“Last Night at the Blue Note” is a series of three vignettes that each pay tribute to a favorite jazz pianist. My idea was to take a small yet defining element of each pianist’s style and “misremember” it as a theme for a piece of chamber music.
In “Chick Calls,” pianist Chick Corea’s endless and knotty lines are fragmented into bird calls before gradually being pasted back together in a somewhat fugal manner. In “One Small Step (for Ran),” pianist Ran Blake’s icy harmonies freeze-dry the melody of John Coltrane’s famously frenetic tune “Giant Steps,” giving us a peak at its underlying crystalline structure. And in “Monkstrosity,” pianist Thelonius Monk’s quirky approach to stride and boogie woogie is brought back to life as a Frankenstein-ian hybrid of human and machine.

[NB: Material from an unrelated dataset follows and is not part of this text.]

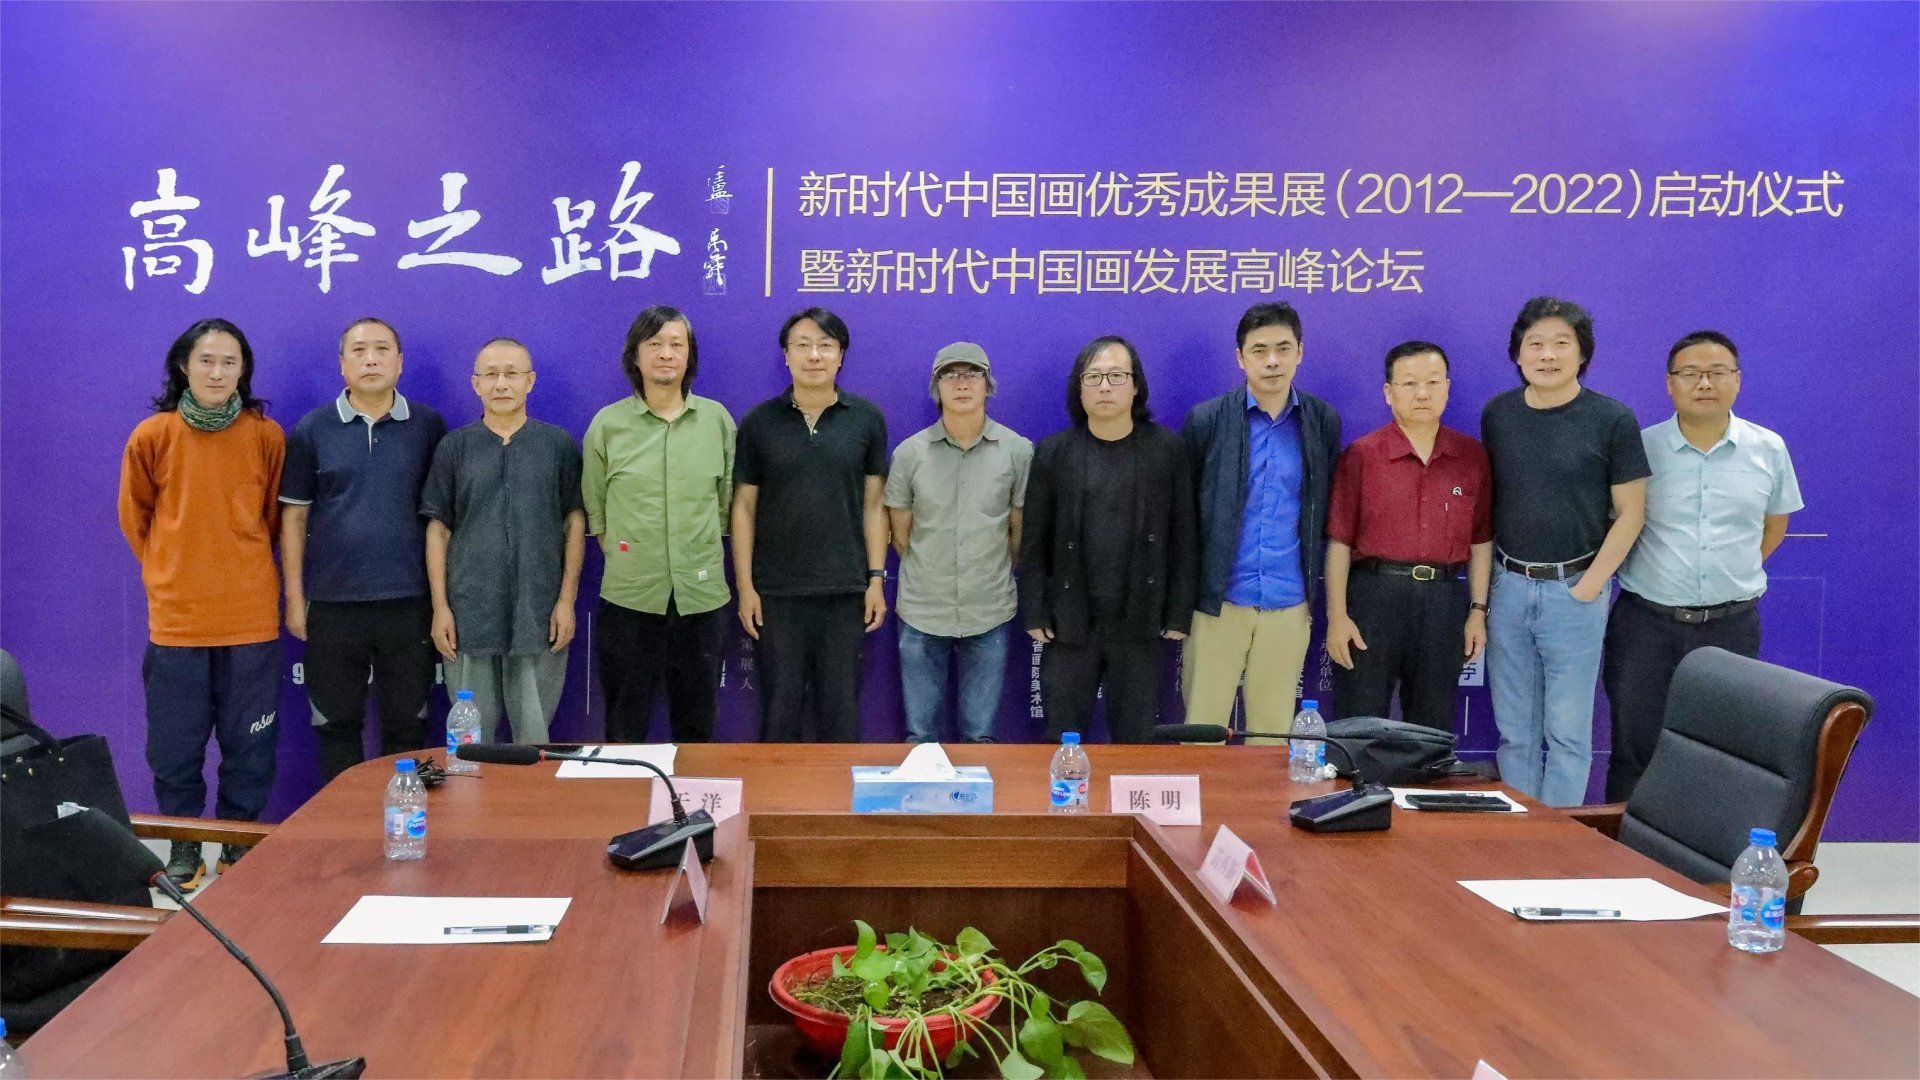 广东画院4位画家参加“高峰之路——新时代中国画优秀成果展(2012-2022)”

Many would categorize a piece like this, which attempts to fuse elements of jazz and concert music, as Third Stream, a term coined by composer Gunther Schuller in the 1950s. However, I see it more as a straight piece of concert music that draws on elements of jazz, much like how Bartok’s string quartets draw on Hungarian folk music or Steve Reich’s Music for 18 Musicians draws on various West African drumming traditions. My hope is that the piece sublimates the jazz elements into its own personal musical vocabulary. Instead of hollowly imitating these great jazz pianists, I’m hoping to grow a new musical plant from the seeds they have left behind.